[News] Does LAPD’s reporting on our ‘suspicious behavior’ protect us from terrorism?

Anti-Imperialist News news at freedomarchives.org
Mon Apr 8 11:18:22 EDT 2013


  Does LAPD’s reporting on our ‘suspicious behavior’ protect us from
  terrorism?

April 1, 2013
By Dan Bluemel <http://www.laactivist.com/author/danbluemel/>
http://www.kcsb.org/blog/2013/04/01/nancy-kurshan-no-alibis-32013-prison-security-units-podcast/

Nearly every day Los Angles police file reports on someone for their 
simply being suspicious. Suspicious of what, however, is unclear.
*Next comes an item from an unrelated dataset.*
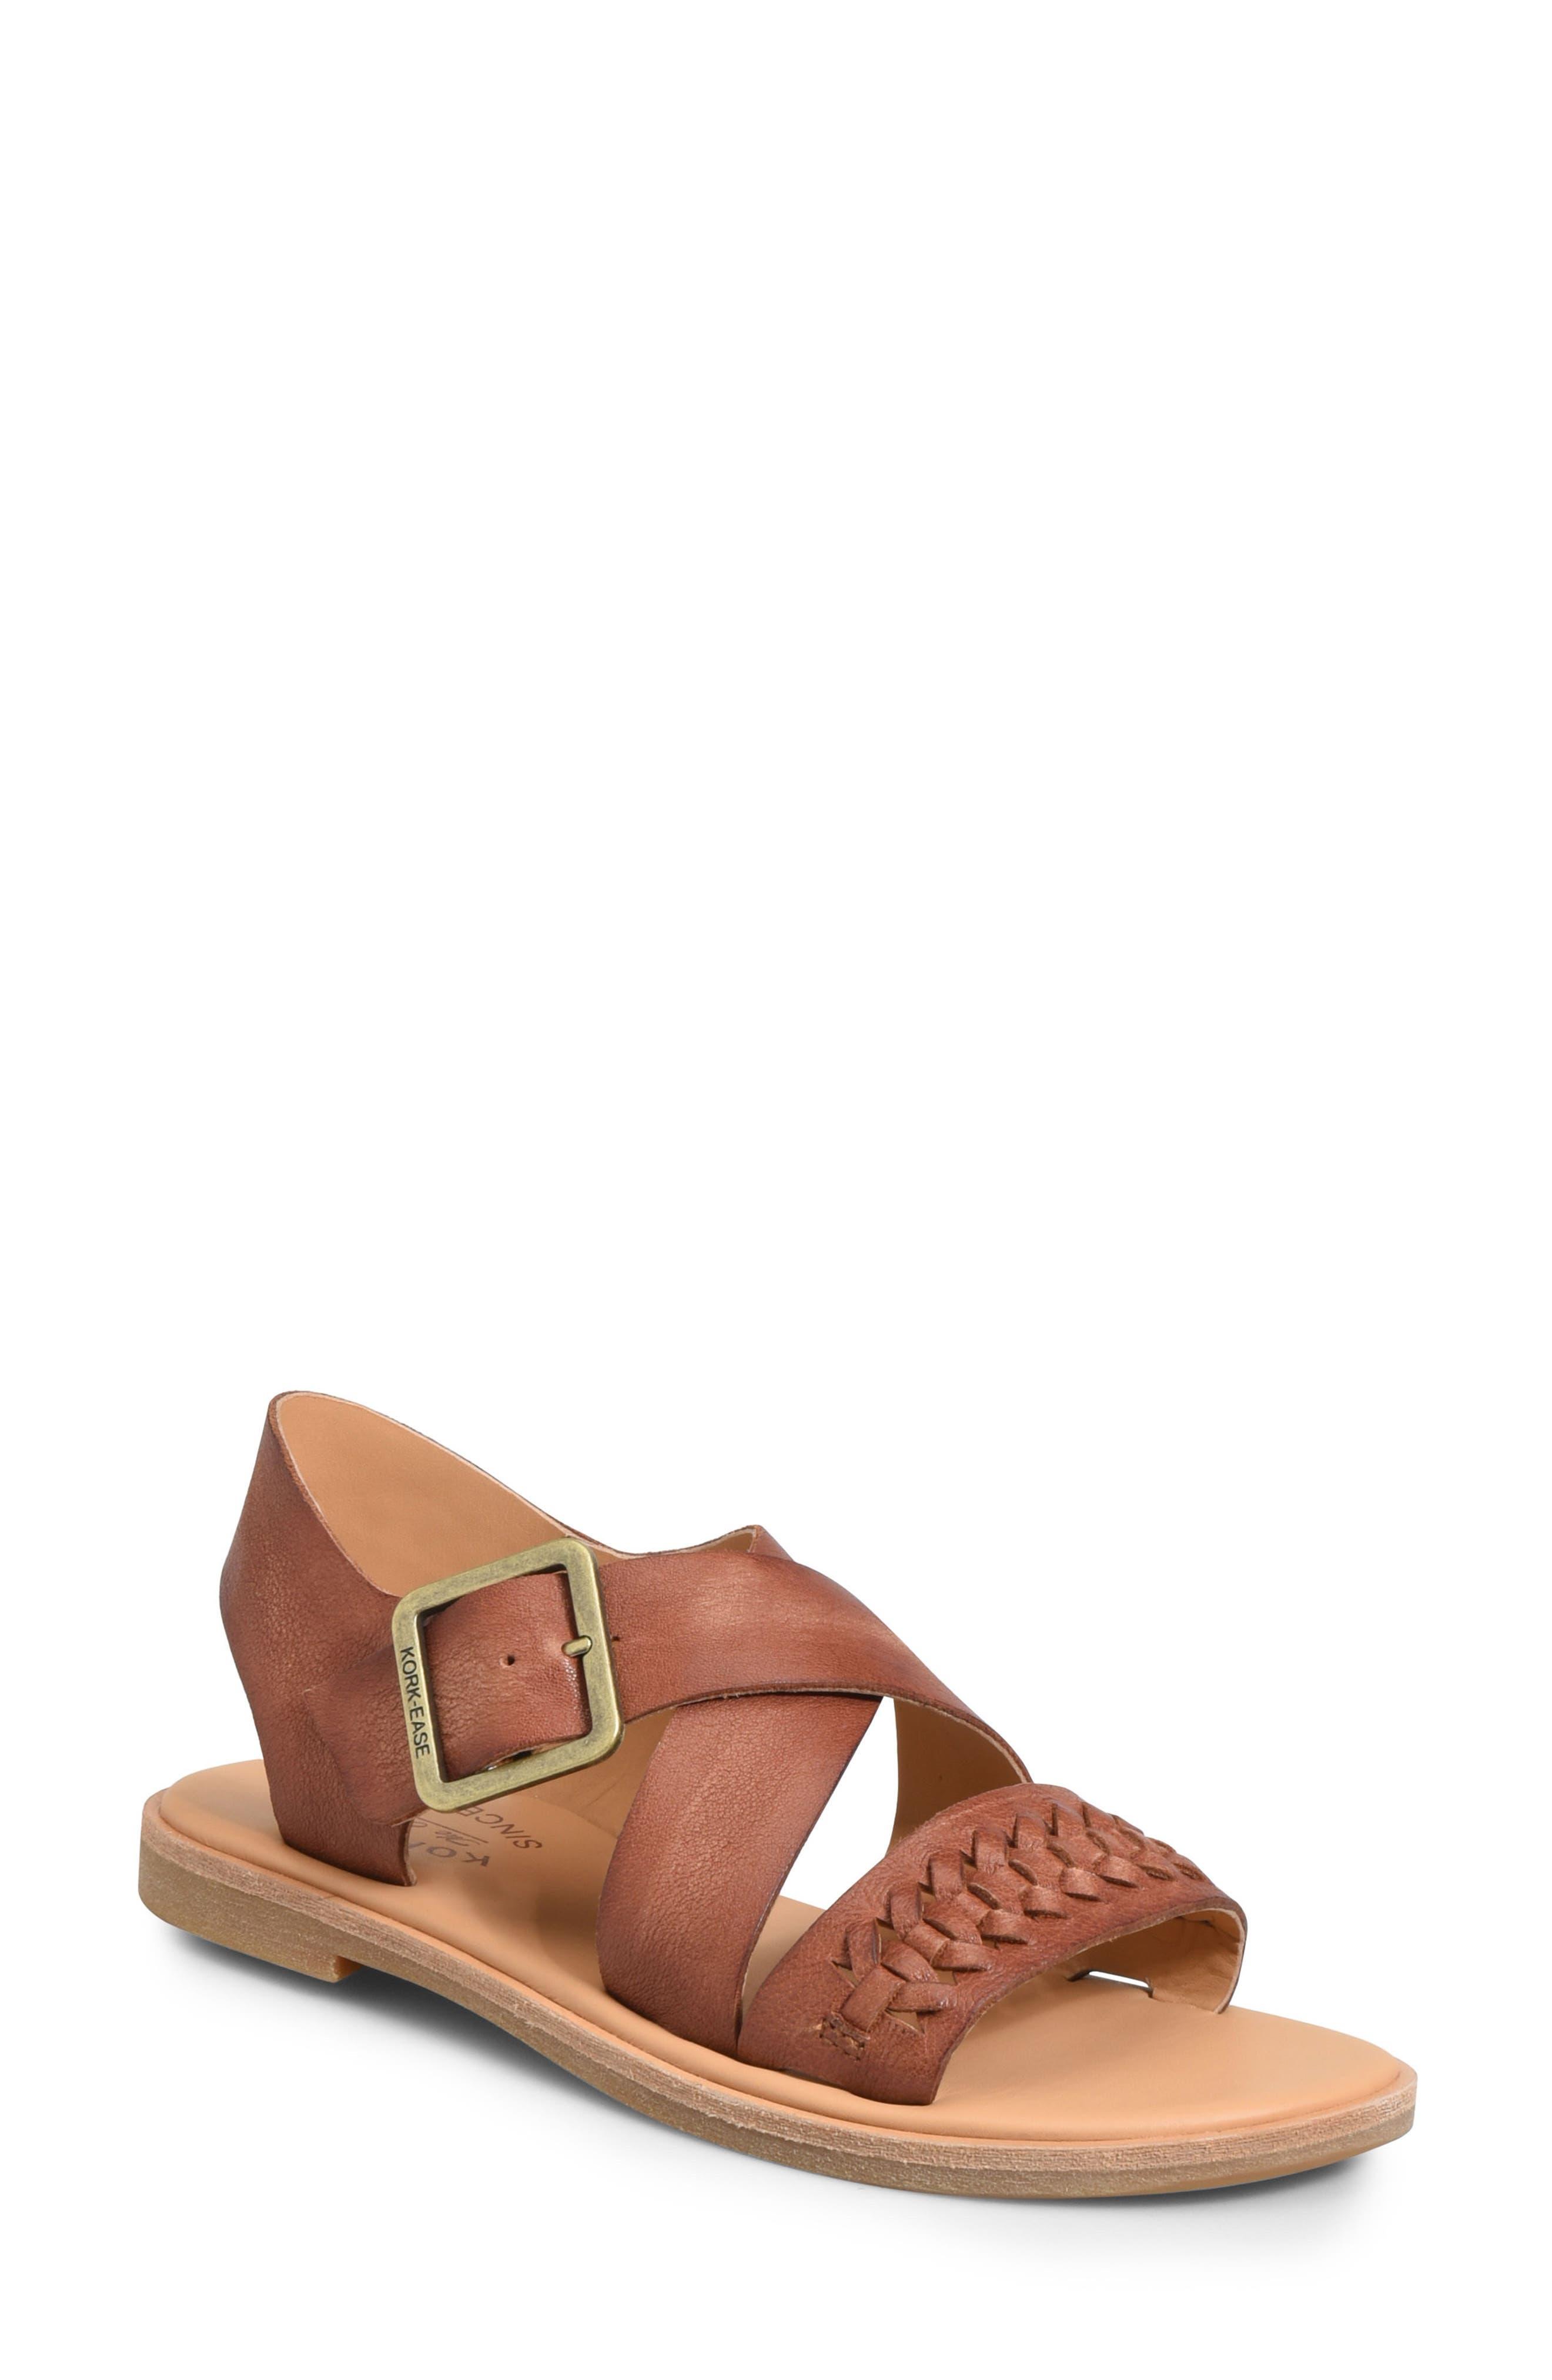 Nara Braid Sandal,                         Main,                         color, BROWN LEATHER

It is part of the Los Angeles Police Department’s suspicious activity 
reporting program, which is touted as a first line of defense against 
possible terrorist attacks. Though law enforcement praises the reporting 
system, significant questions are being raised as to the program’s 
effectiveness and transparency.

*LA’s war on terrorism*

Since March 2008, when the reporting program began, to July 2012, over 
4,000 suspicious activity reports, or SARs, have been filed on 
Angelenos. Public records requests filed by the Stop LAPD Spying 
Coalition <http://stoplapdspying.org/> have revealed that of the 3,001 
SARs sent to a fusion center, a local information-sharing hub in Norwalk 
where the reports would be entered into national databases, 80 percent 
were found to be useless.

As of yet, no documents or statements made by police officials have 
revealed that any SAR has thwarted a terrorist plot or led to an arrest, 
raising the question if the program has any value in keeping Los Angeles 
safe from terrorism. The Stop LAPD Spying Coalition wants the SARs 
program rescinded.

“In essence, the LAPD has nothing to show for this,” said Hamid Khan, an 
organizer for the Coalition. “It looks like a major waste of resources.”
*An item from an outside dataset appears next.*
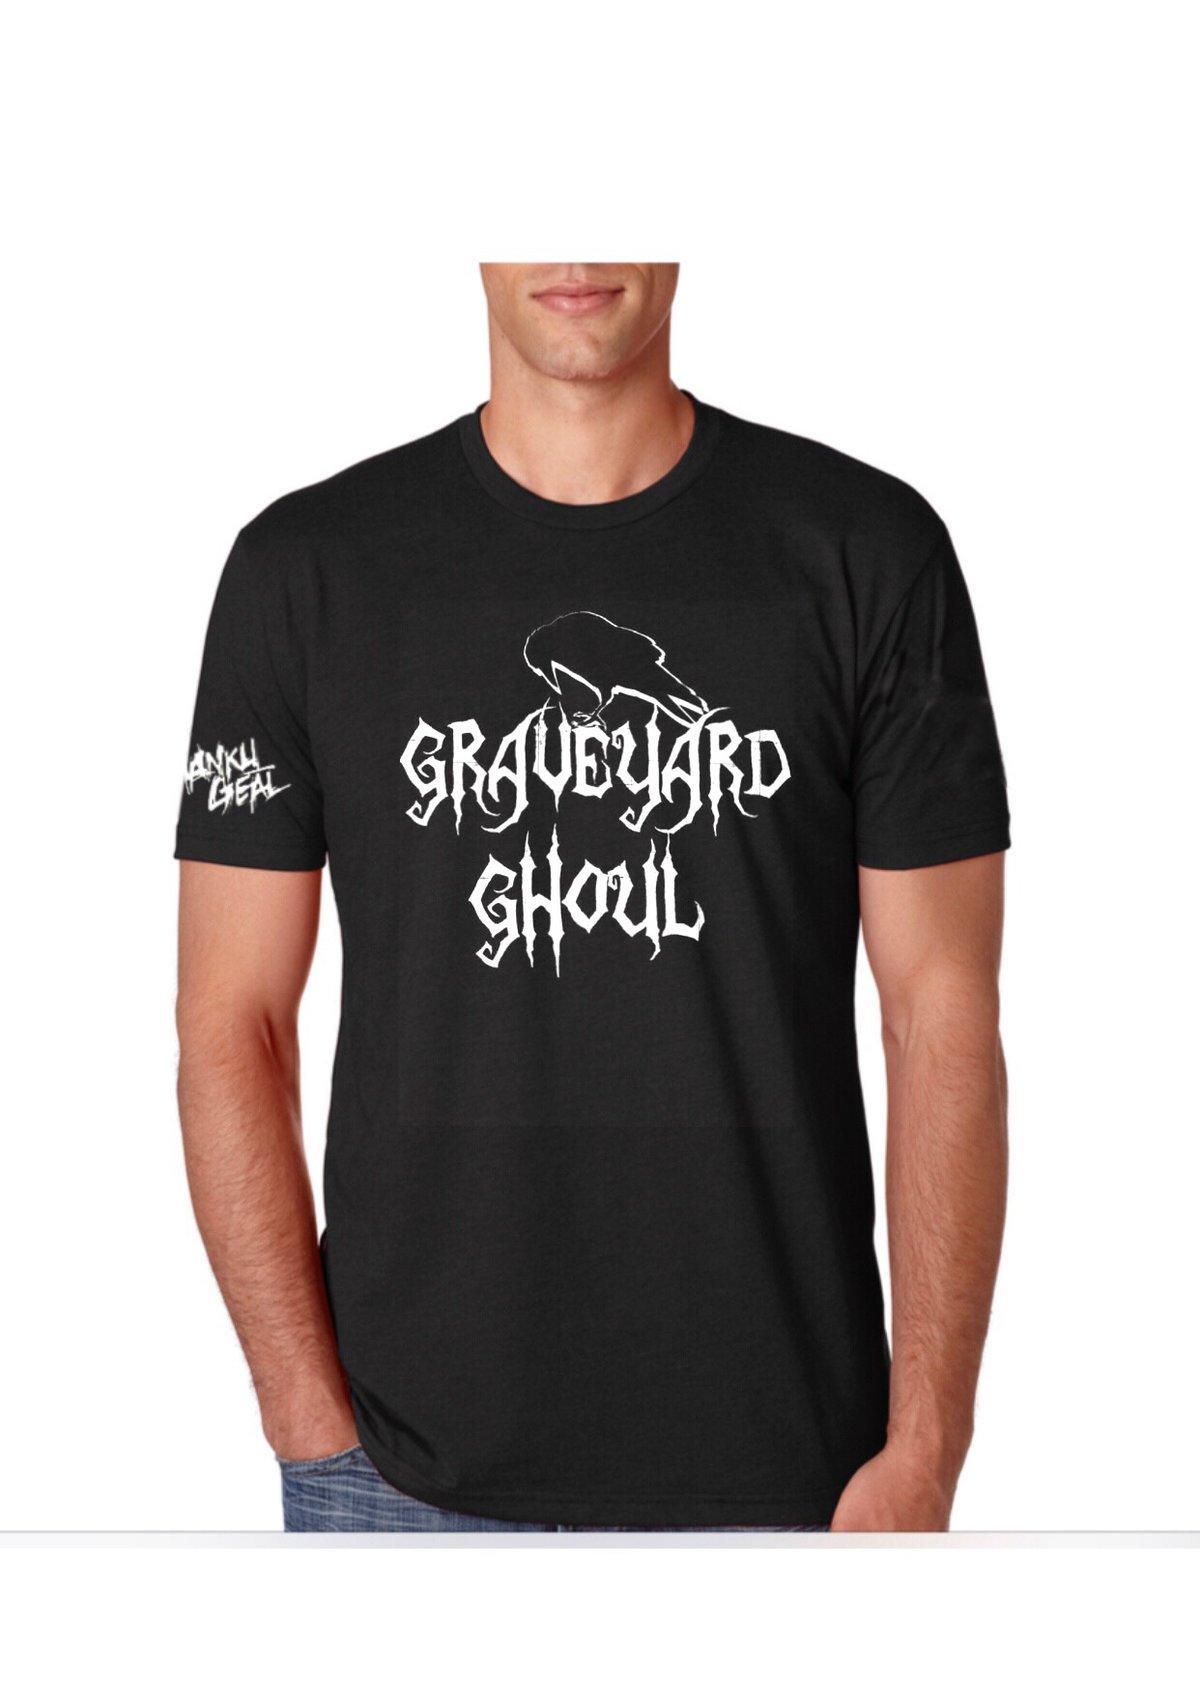 Image of Graveyard Ghoul Mens Ter

For a person in Los Angeles to have a SAR written on them, they must 
engage in behavior that police may consider related to terrorism. This 
was defined for officers in Special Order 1 
<http://stoplapdspying.org/wp-content/uploads/2012/04/SO-1.pdf>, a 
department directive outlining the program. Some of these acts are 
obvious, such as possessing “unusual amounts of weapons [or]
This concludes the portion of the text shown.